[What you will do]:
Restate word for word the lines below that run from the one holding "跟著Ryuuu TV學日文看日本:Ryu & Yuma的日語生活實境秀(附MP3)" through the one holding "Bahçeli'de Satılık Denize", inclusive. Pictures don't belong in the copy.

[Given information]:
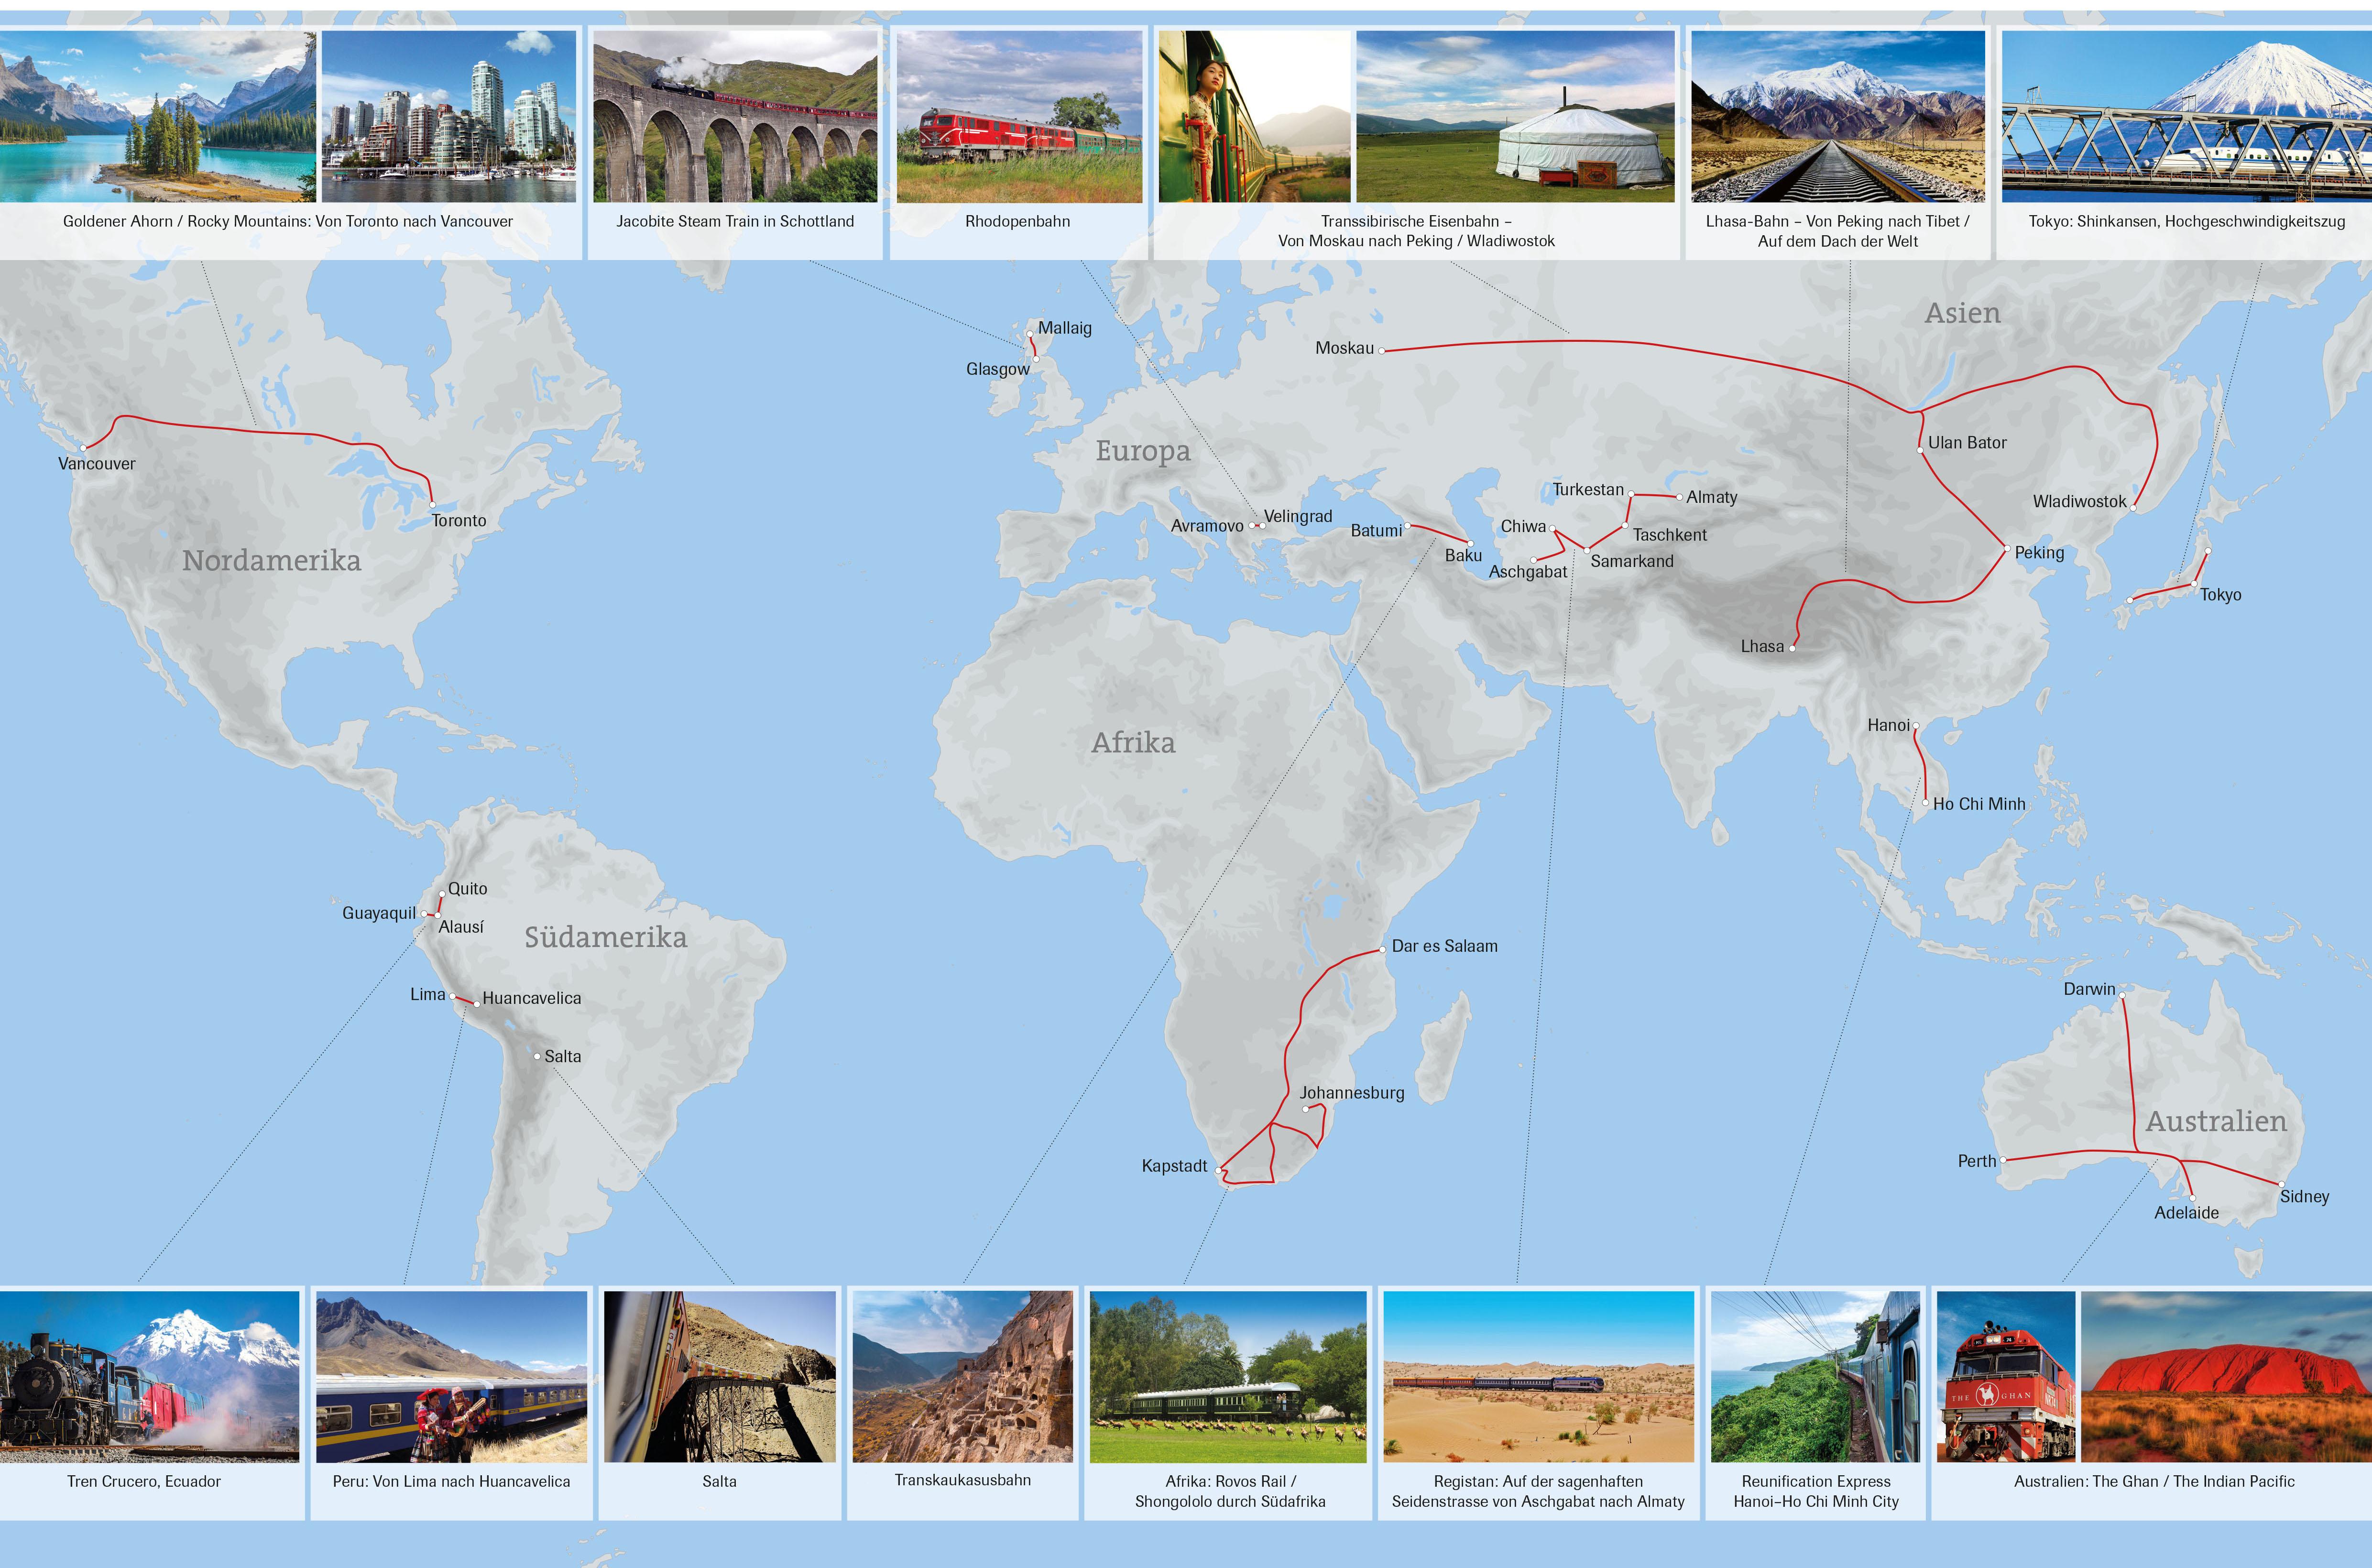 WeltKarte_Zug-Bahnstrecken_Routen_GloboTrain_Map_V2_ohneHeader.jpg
...
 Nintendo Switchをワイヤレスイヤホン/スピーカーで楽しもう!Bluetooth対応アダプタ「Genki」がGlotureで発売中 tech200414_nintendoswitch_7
==
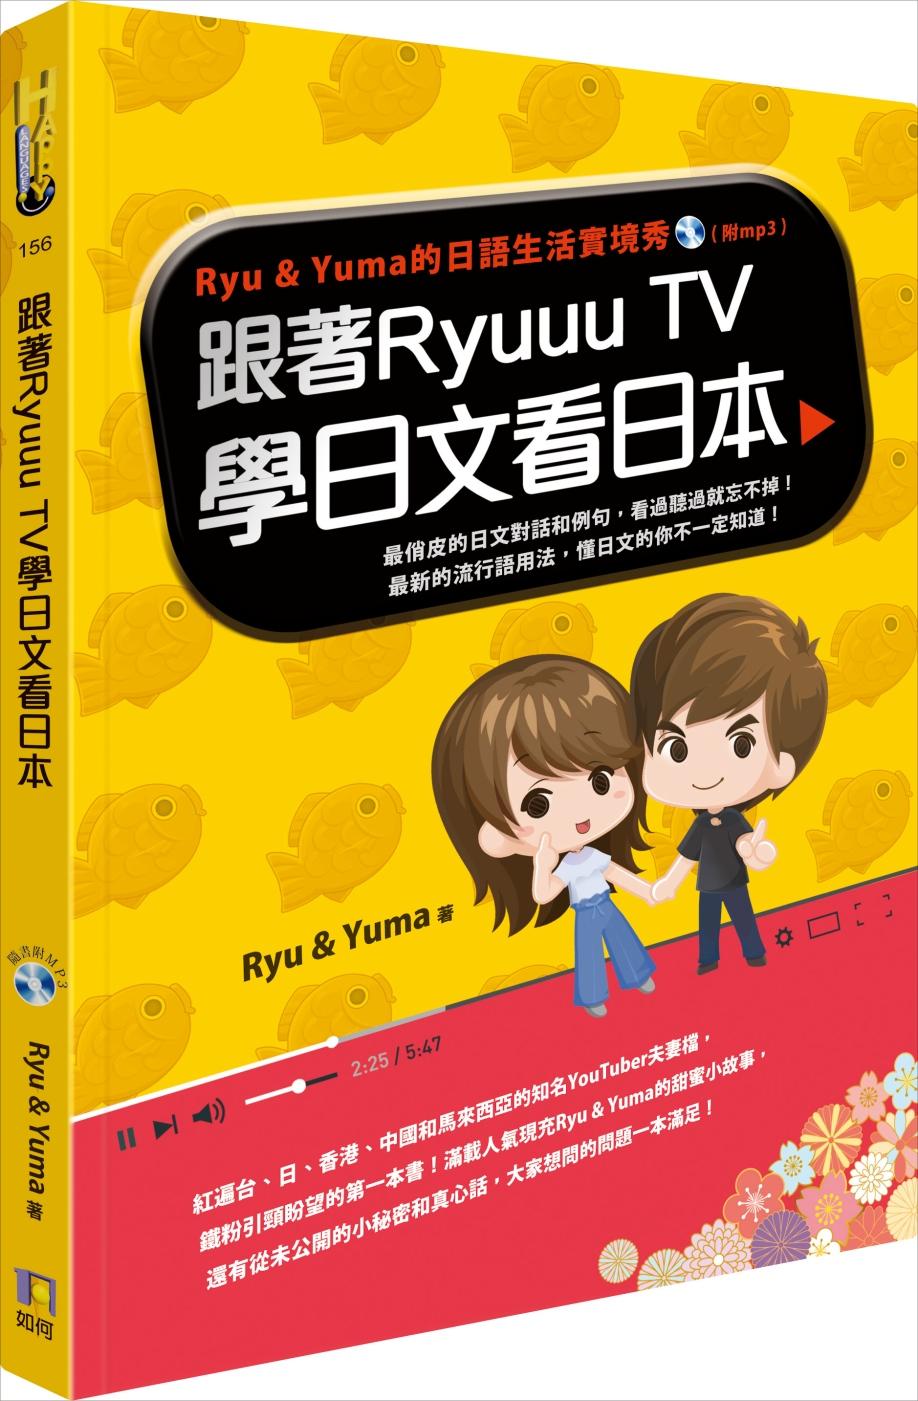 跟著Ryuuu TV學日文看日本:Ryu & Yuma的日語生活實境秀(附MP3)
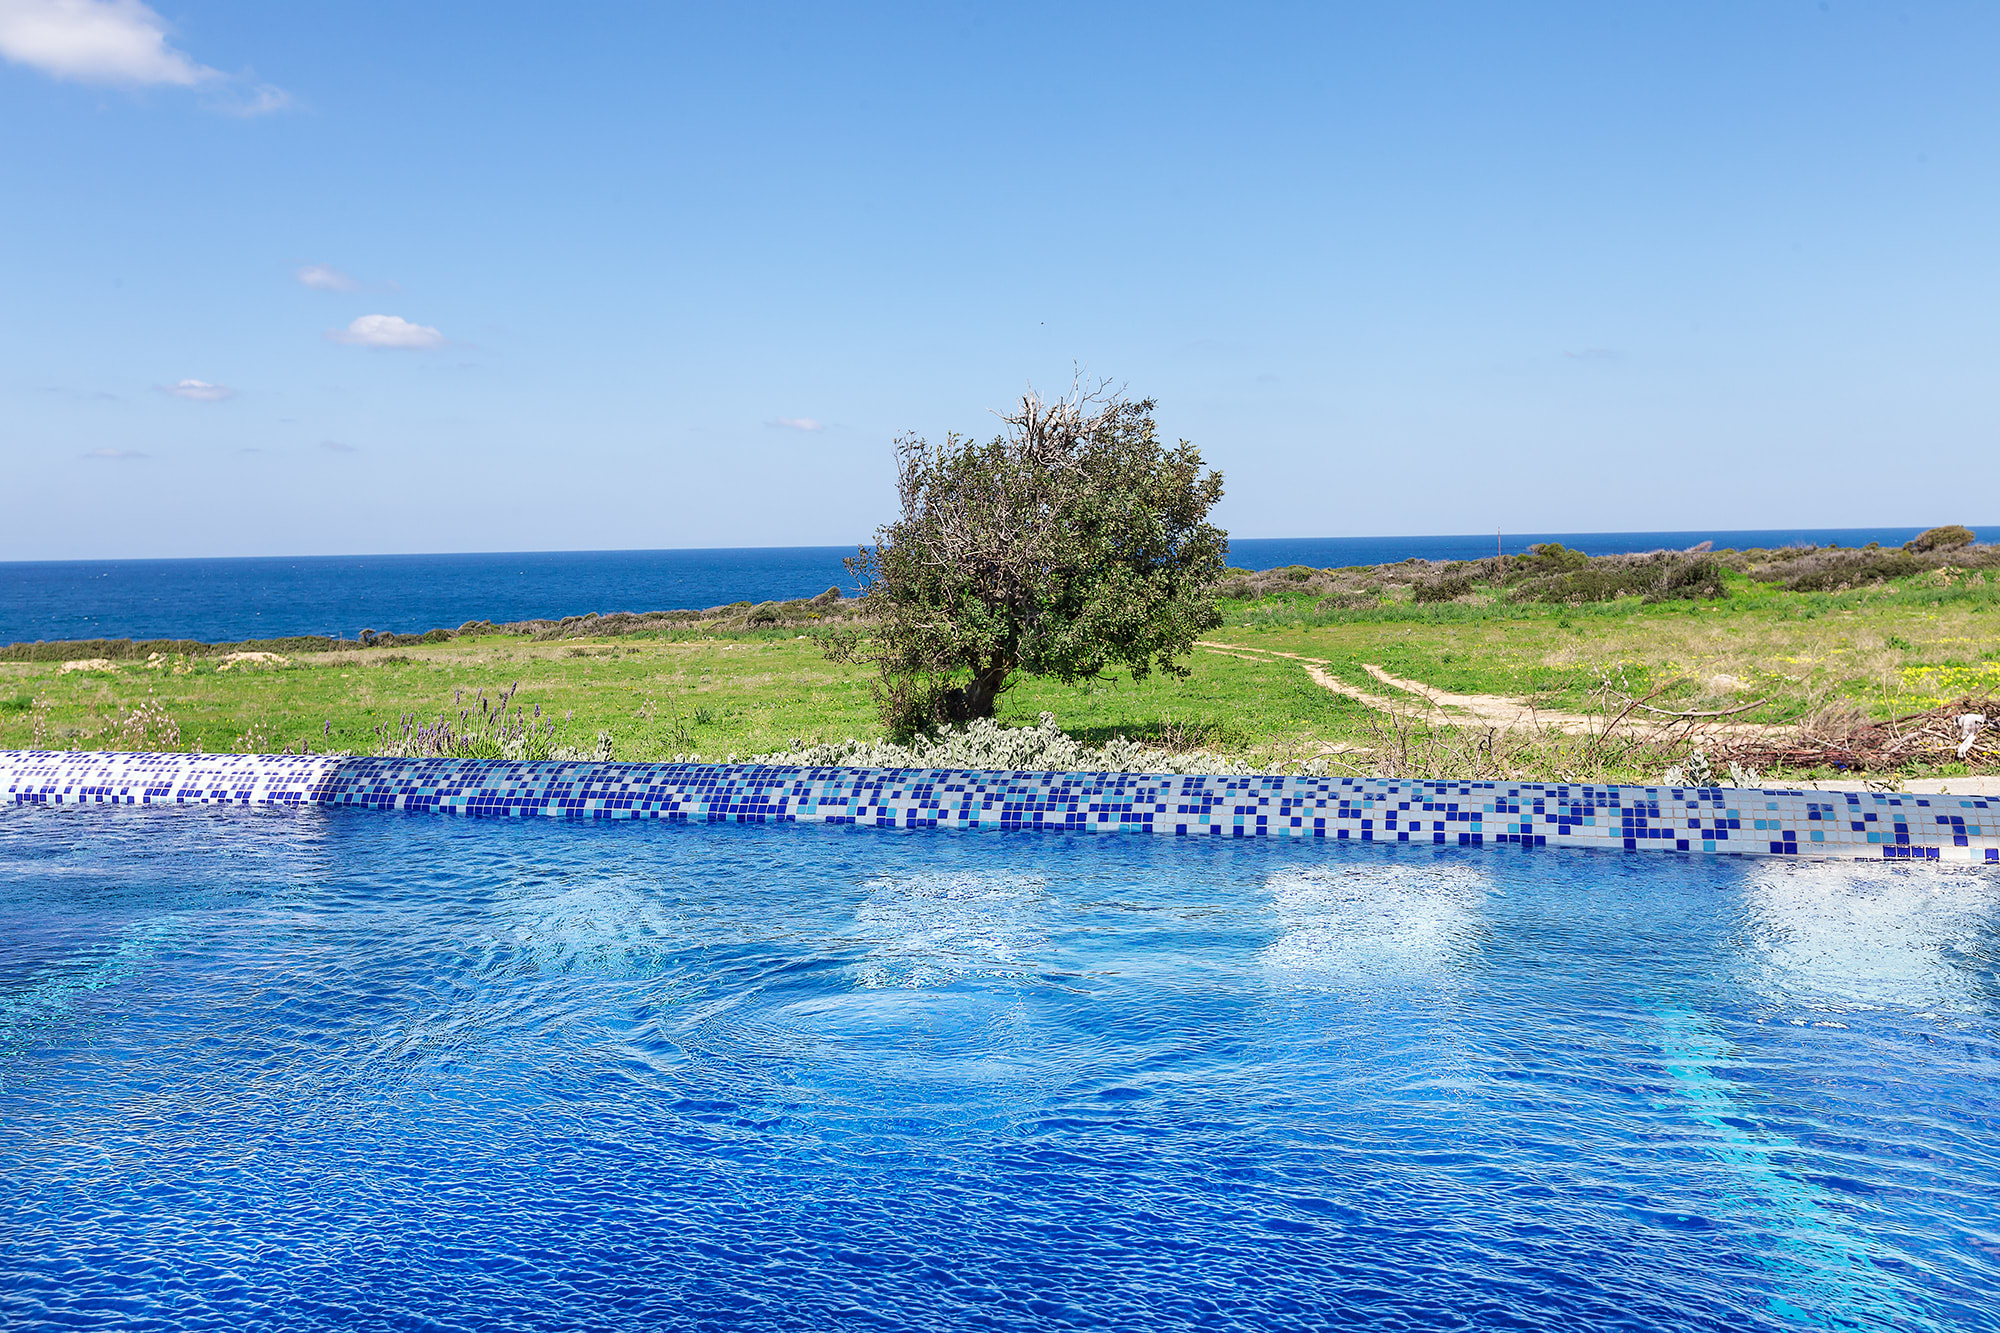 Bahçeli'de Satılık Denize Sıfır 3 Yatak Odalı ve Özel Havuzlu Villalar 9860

[Answer for this exercise]:
 跟著Ryuuu TV學日文看日本:Ryu & Yuma的日語生活實境秀(附MP3)
 Bahçeli'de Satılık Denize Sıfır 3 Yatak Odalı ve Özel Havuzlu Villalar 9860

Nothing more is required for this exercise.